Trademarks: UNIX - AT&T Bell Laboratories; VAX, VMS - Digital Equipment Corp.
-- 

Griff Smith	AT&T Bell Laboratories, Murray Hill
Phone:		(201) 582-7736
Internet:	ggs@ulysses.uucp
UUCP:		ulysses!ggs

zben@umcp-cs.UUCP (07/08/84)

One implementation for the Univac 1100 I saw had the format string compiled
(sort of, actually more like P-code-ified) the first time the format was used.
Some kind of flag (like a word of zeroes) was placed in the first word of the
storage used by the format, as a flag not to compile it again.  The big win of
this approach was that even if the format were dynamically built it would be
compiled the first time it was used.  If it was subsequently changed to be
something else, the flag was blown away, and it got compiled again.  I don't
remember what it did to ensure that the compiled format was not longer that
the core allocated by the Fortran compiler though...

I suppose one could always malloc/getmain/mcore$ a buffer for the compiled
format and put a *pointer* to it in the *second* word of the core area...

-- 
Ben Cranston   ...seismo!umcp-cs!zben      zben@umd2.ARPA

darryl@ism780.UUCP (07/23/84)

#R:abnjh:-72900:ism780:14700005:000:1163
ism780!darryl    Jul  9 06:36:00 1984

***** ism780:net.lang / abnjh!cbspt002 /  3:53 pm  Jul  8, 1984
>More to the point, try this for a shock:
>
>                    READ(5,100)!where unit 5 is tty I/O
>            100     FORMAT(50H                                      )
>                    WRITE(5,100)
>Not only does it still compile, but it still works just like it did from
>FORTRAN I. Can any language historians out there explain what it was for?

Sure.  Back in Fortran II, you probably wrote a stress analysis
program (didn't everyone? :-) or some such general purpose program,
and you wanted to put headers on the output listing:

	"STRESS ANALYSIS FOR SMITH JONES CO. PROJECT 37"

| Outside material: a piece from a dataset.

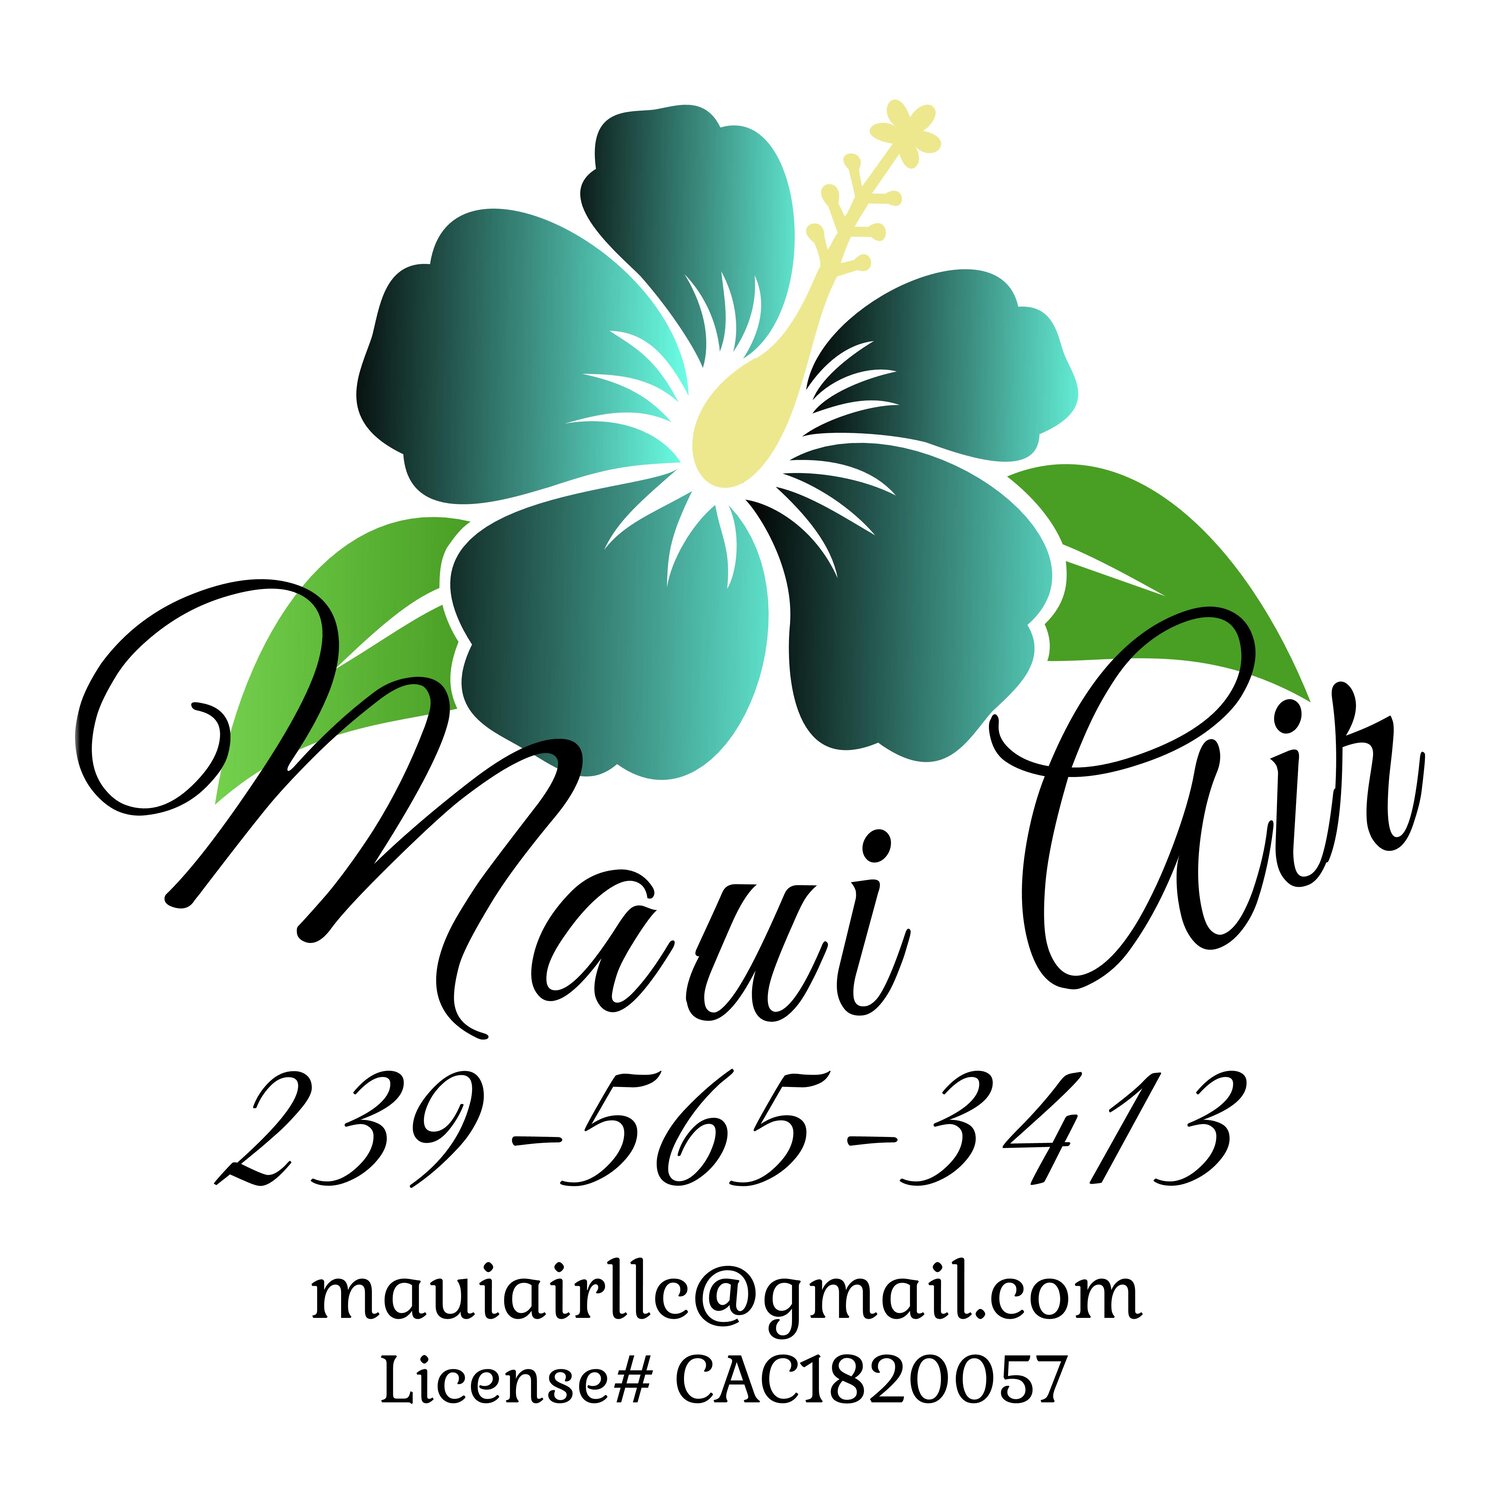 Maui Air LLC

But, alas, there was no character input to get such a title, and
recompiling for each run was out of the question.  So you read
the title into a format statement and then used the same format
to write headings on each page.  Doesn't Fortran 77 finally
outlaw this crap?  I thought that Hollerith data was right out.
(Of course, your compiler may support this so that older programs
will port easily.)  Characters?  I don't need no stinkin' characters!

	    --Darryl Richman
	    ...!cca!ima!ism780!darryl